Las autonomías, de nuevo

LAS ENTREVISTAS de Carlos Garaikoetxea, presidente del Gobierno vasco, y de Jordi Pujol, presidente de la Generalidad de Cataluña, con Leopoldo Calvo Sotelo, que les ha informado de sus planes para reconducir la estrategia autonómica, han concluido con caras largas, frases reticentes y gestos desanimados de los visitantes de la Moncloa. Aunque esos síntomas no suministran todavía base para un diagnóstico concluyente, no deja de producir inquietud el pesimismo mostrado por los representantes de las únicas instituciones de autogobierno que, hoy por hoy, funcionan en España al amparo de la Constitución y de unos Estatutos aprobados por las Cortes y refrendados en las urnas.Si se nos permite una observación primera sobre el nuevo proceso de concertación abierto por las fuerzas políticas mayoritarias en torno al Estado de las autonomías, digamos que nos parece buena la intención, pero que la intención sola no basta. Hay sin duda algo que no funciona en la construcción del actual Estado democrático en sus aspectos autonómicos. Y ese algo parece estar marcado por un incomprensible afán de desconocimiento político de la realidad española y del problema autonómico en su concreción. Por eso, la llamada a los técnicos en Derecho público para que colaboren en las tareas de la resolución del caso nos parece también inserta en el mundo etéreo de las intenciones. Los expertos podrán resolver las pegas técnicas y los perfiles jurídicos del modelo de Estado que se quiera construir, pero no pueden -ni de seguro quieren- suplantar la voluntad política necesaria en la opción de ese modelo. En una palabra, los expertos no van a resolver nada que no quiera ser resuelto de antemano mediante una definición valerosa y clara de la clase política.

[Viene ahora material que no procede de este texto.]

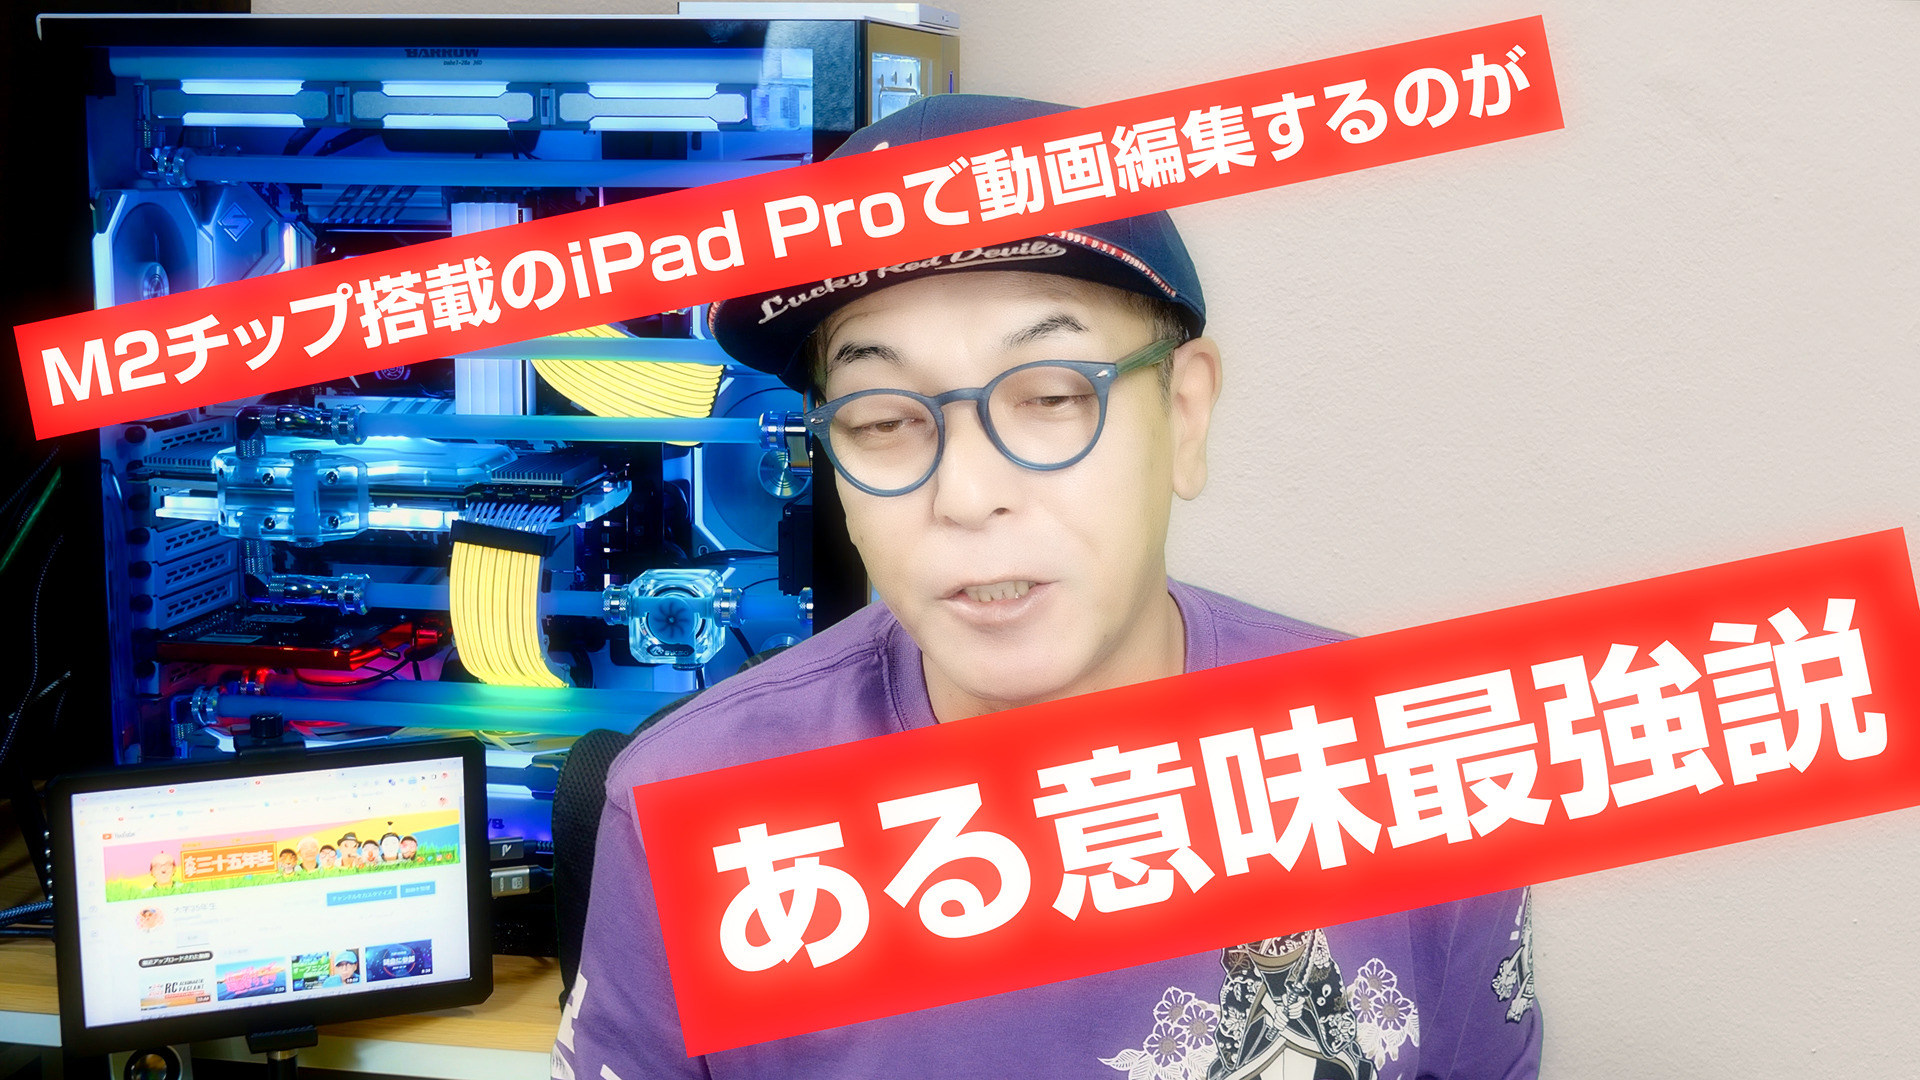 M2チップ搭載のiPad Proで動画編集するのが、ある意味最強説
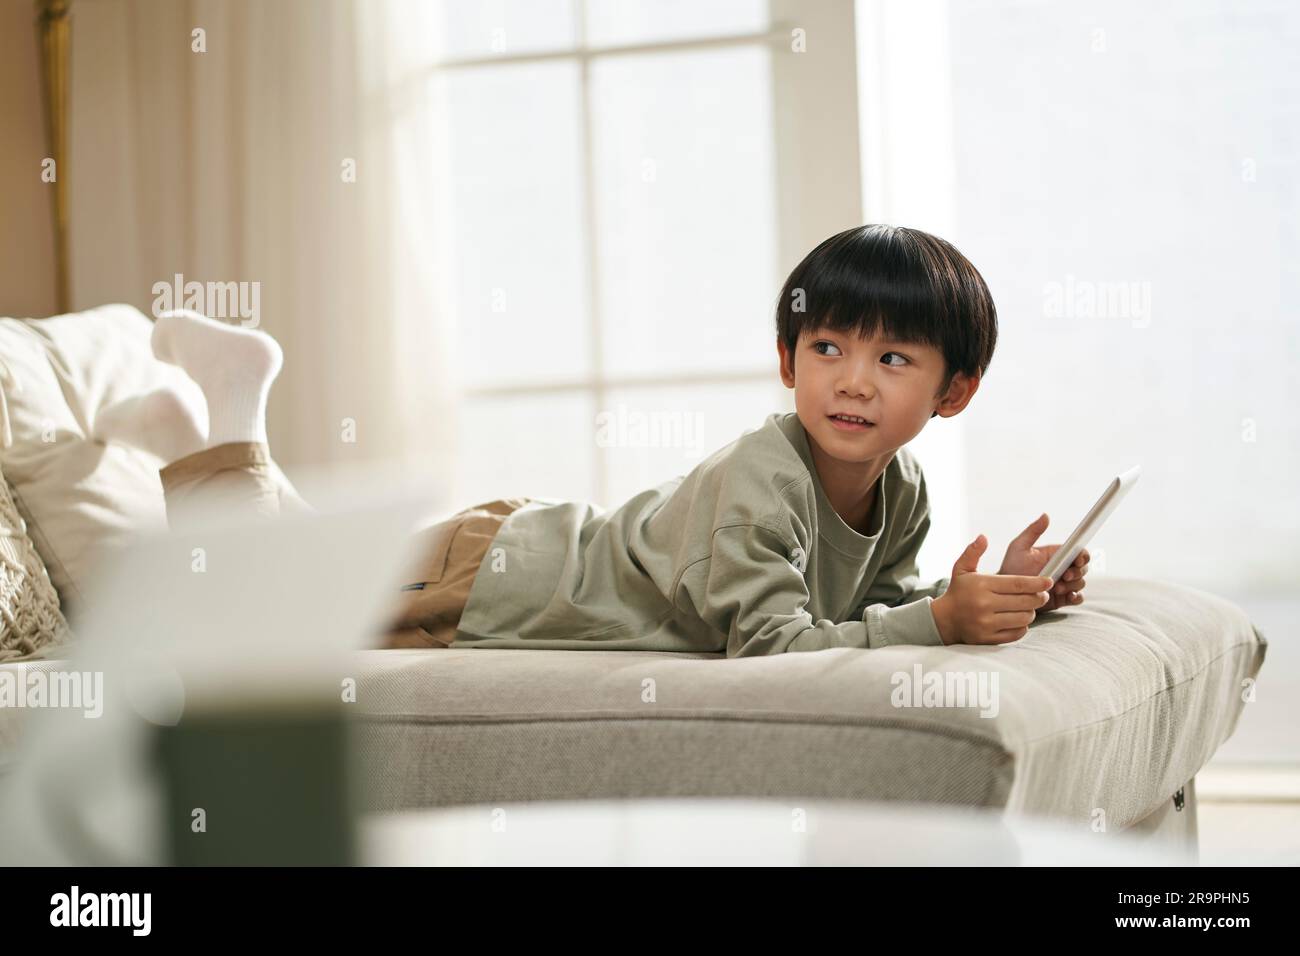 Süßer kleiner asiatischer Junge, der zu Hause vorne auf dem Familientisch liegt und ein digitales Tablet hält Stockfoto

A la muerte de Franco, la reivindicación de las instituciones de autogobierno era, en Cataluña y en el País Vasco, un movimiento popular unido al resto de las exigencias democráticas y que se fundamentaba en parte en la devolución de unos estatutos aprobados por las Cortes republicanas. Aunque con orígenes y justificaciones históricas diferentes, que se remontan en el caso de Cataluña al conde-duque de Olivares y a la guerra de sucesión de comienzos del XVIII y en el País Vasco a las guerras carlistas, catalanes y vascos presentaban además como hecho diferencial un idioma propio, la voluntad de desarrollar una cultura a través de esa lengua y la existencia dentro de su cuerpo social de ideologías, sentimientos y poderes independentistas minoritarios, pero influyentes. El régimen de las autonomías había sido ideado, durante la II República, como una fórmula para garantizar la unidad nacional y, al tiempo, crear el ámbito para unas instituciones de autogobierno, delimitadas por un estatuto aprobado por las Cortes que reconociera ese hecho diferencial en sus niveles políticos, administrativos y culturales. Las peculiaridades idiomáticas y culturales, vinculadas a la singularidad del desarrollo histórico, unieron a Galicia con Cataluña y el País Vasco en esa especial categoría.

El proceso de unificación de España habría podido, en teoría, revestir otras características y asumir, por ejemplo, una forma federal respetuosa con las características de los viejos reinos. Pero resulta inútil lanzarse en política a ensoñaciones sobre «lo que hubiera podido ocurrir». La realidad de finales del siglo XX es que España constituye una comunidad política cuya eventual vertebración federal parece condenada al fracaso -al menos si se está hablando de nada menos que de diecisiete Estados federales, coincidentes con las actuales expectativas preautonómicas-, pero que, a la vez, necesita dar una salida institucional a las cuestiones catalana y vasca, respetar lo acordado en Galicia y Andalucía y prever con acierto el futuro de las islas Canarias.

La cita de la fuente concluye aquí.